Claire possesses that high reedy voice that is the hallmark of Anglo-American roots music. It’s reminiscent of Alison Krauss or Hazel Dickens. She can whip you into a frenzy with a holler or seduce you with a lullaby. When Dolly Parton says you are one of her favourite vocalists you must be doing something right. The International Bluegrass Association agrees. Claire Lynch is a three time winner of their Female Vocalist of the Year award.
There are singers and there are songwriters. Sometimes you have singers who sing their own songs but they really aren’t writers. Sometimes you have songwriters who sing their own songs, but they aren’t really singers. It’s very rare that you find someone who can really do both.
Claire Lynch is that person. Her songs have been recorded by Patty Loveless, Kathy Mattea and others. At the IBMA’s last year she also won the Best Song award for “Dear Sister”. The song is based on letters written between a brother and sister on the eve of the Civil War battle of Stone River. It fuses the world of the traditional and the original.
Her band is an astounding group in and of themselves. Mandolinist-guitarist Jarrod Walker is a soulful singer and skilled player.
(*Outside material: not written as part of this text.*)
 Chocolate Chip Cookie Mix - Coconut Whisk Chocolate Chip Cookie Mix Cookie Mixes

Bryan McDowell is a young string wizard who, at 18, had an unprecedented hat-trick at the Winfield, Kansas National Flat-picking Championship winning first place in fiddle, mandolin, and flat-picked guitar. Mark Schatz is a two-time IBMA-winning bassist-clawhammer banjo player-dancer-percussionist. He makes the coffee as well.
Mark Schatz also has a close connection to a member of the Winnipeg band, The Duhks. Some of you may remember Leonard Podolak being here 4 years ago with Dry Bones. One of the highlights of their sets was the hambone solos. Leonard learned to hambone and clog from Mark. Schatz also produced one of the Duhks recordings.
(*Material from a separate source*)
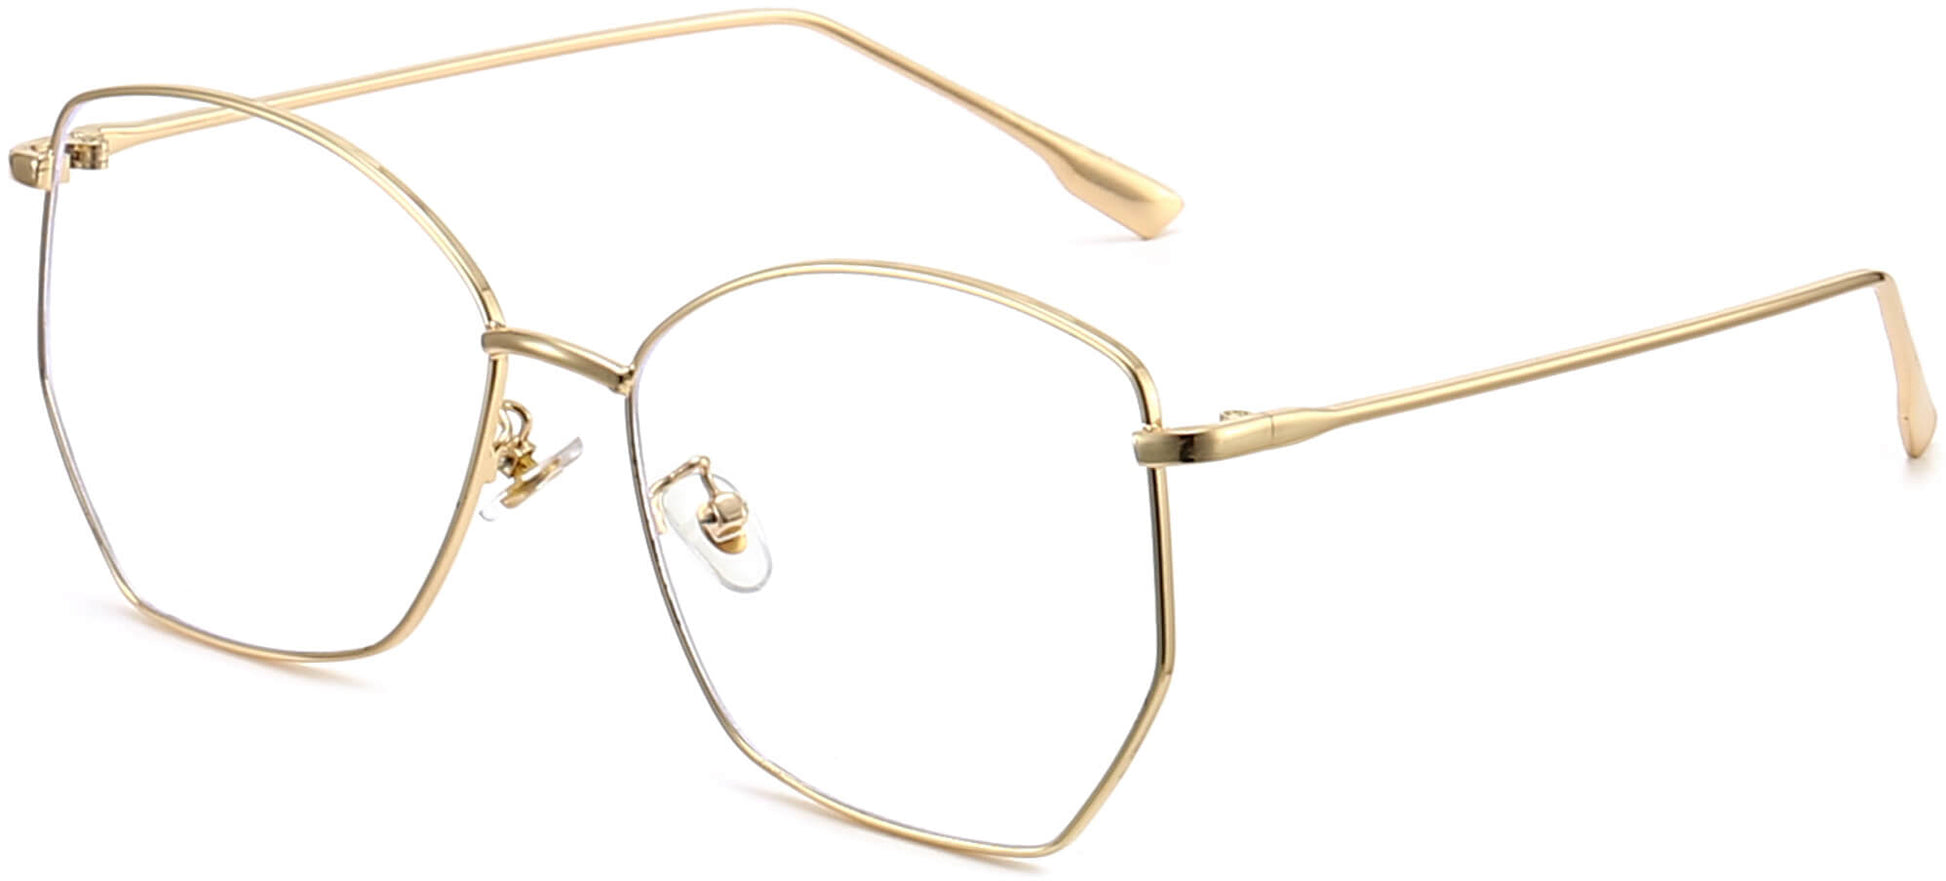 Maisie Geometric Gold Eyeglasses from ANRRI, angle view

I met Leonard Podolak when he was 10 years old. My band and I arrived in Winnipeg by train early on a cold October morning and cabbed it over to Mitch Podolak’s house. Mitch was the concert promoter for the show we were playing in town that night. He is also the legendary creator of the Winnipeg, Vancouver and Edmonton Folk Festivals.
I knocked on the door. There was the scurry of feet. The door swung open and a cloud of smoke billowed out. Leonard’s ten year old face screamed, ”I’m makin’ pancakes”!!
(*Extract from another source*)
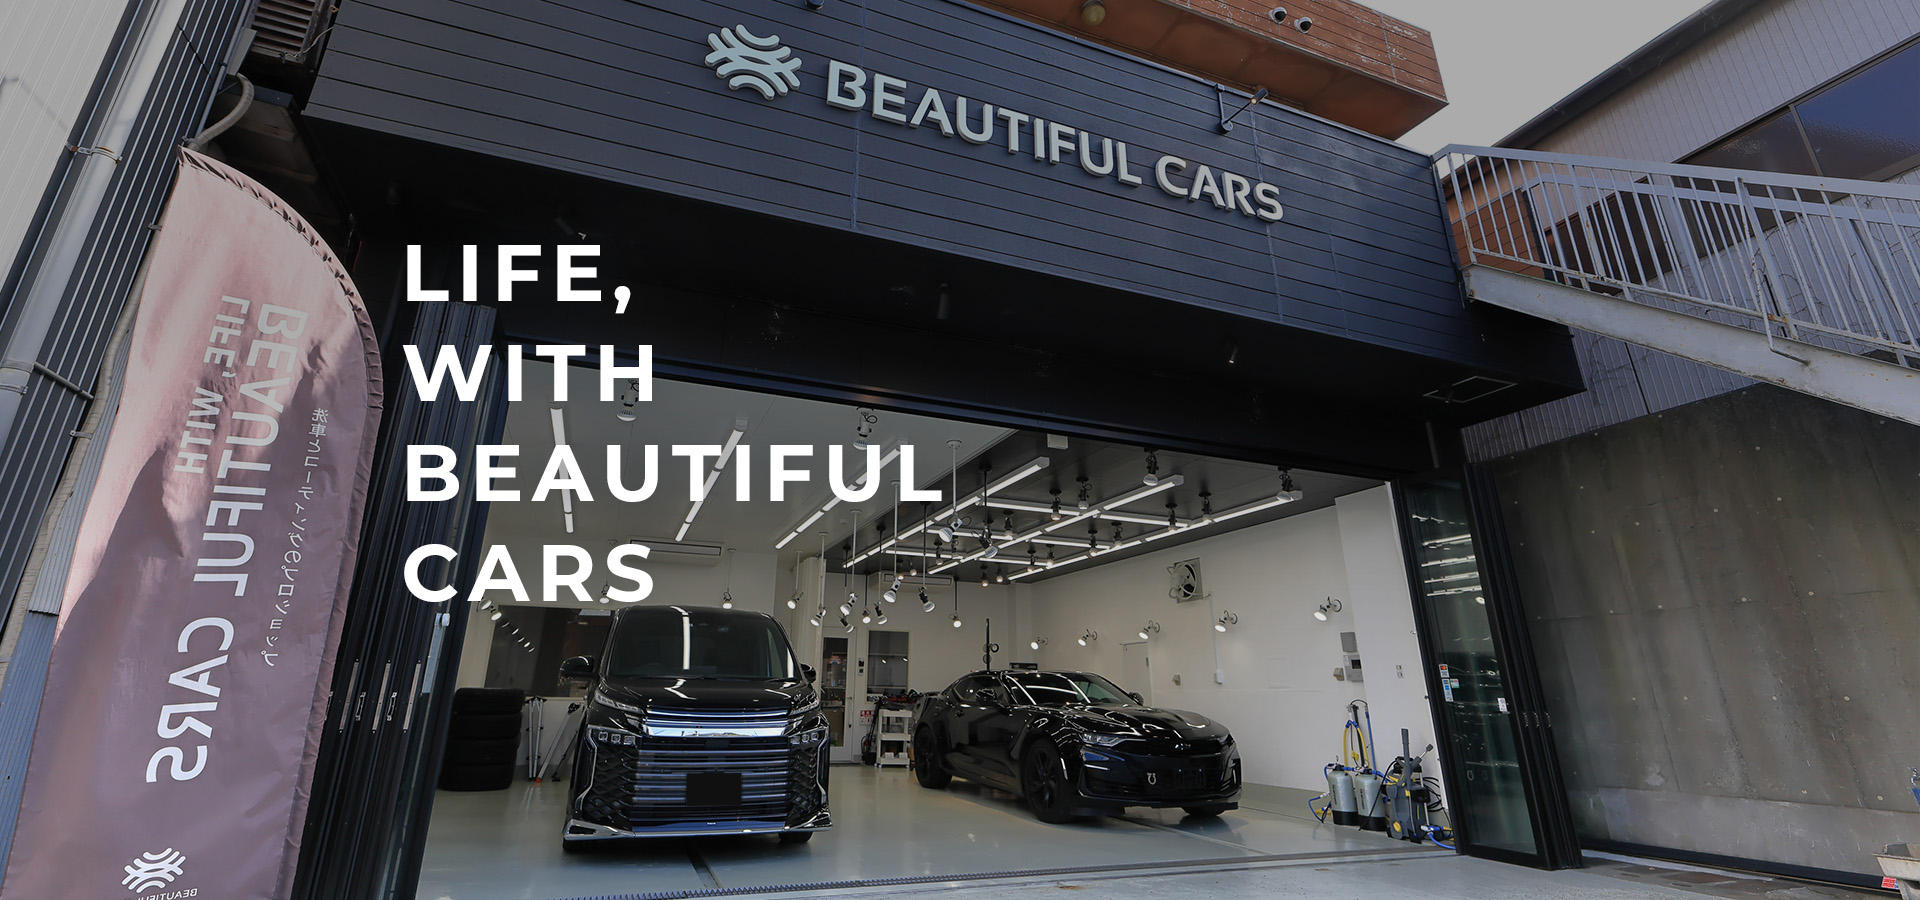 LIFE, WITH BEAUTIFUL CARS

His level of enthusiasm has never dimmed.
He grew up in a house that was the centre of folk music in Winnipeg. The Podolak place housed anybody who was anybody in folk music. Stan Rogers, Utah Phillips, Odetta, Tom Paxton, Spirit of the West, you name them, they slept in the spare room. Leonard soaked it all up getting lessons and advice from them all. Banjo became his area of expertise, but he also learned how to build and run a band.
The Duhks, Grammy nominees and Juno award winners, play a high energy version of Old Time music. They get their instrumental power from the guitar, banjo and violin. The Duhks added a signature percussionist to give it more drive and then topped it all off with an incredible lead vocalist, Jessee Havey.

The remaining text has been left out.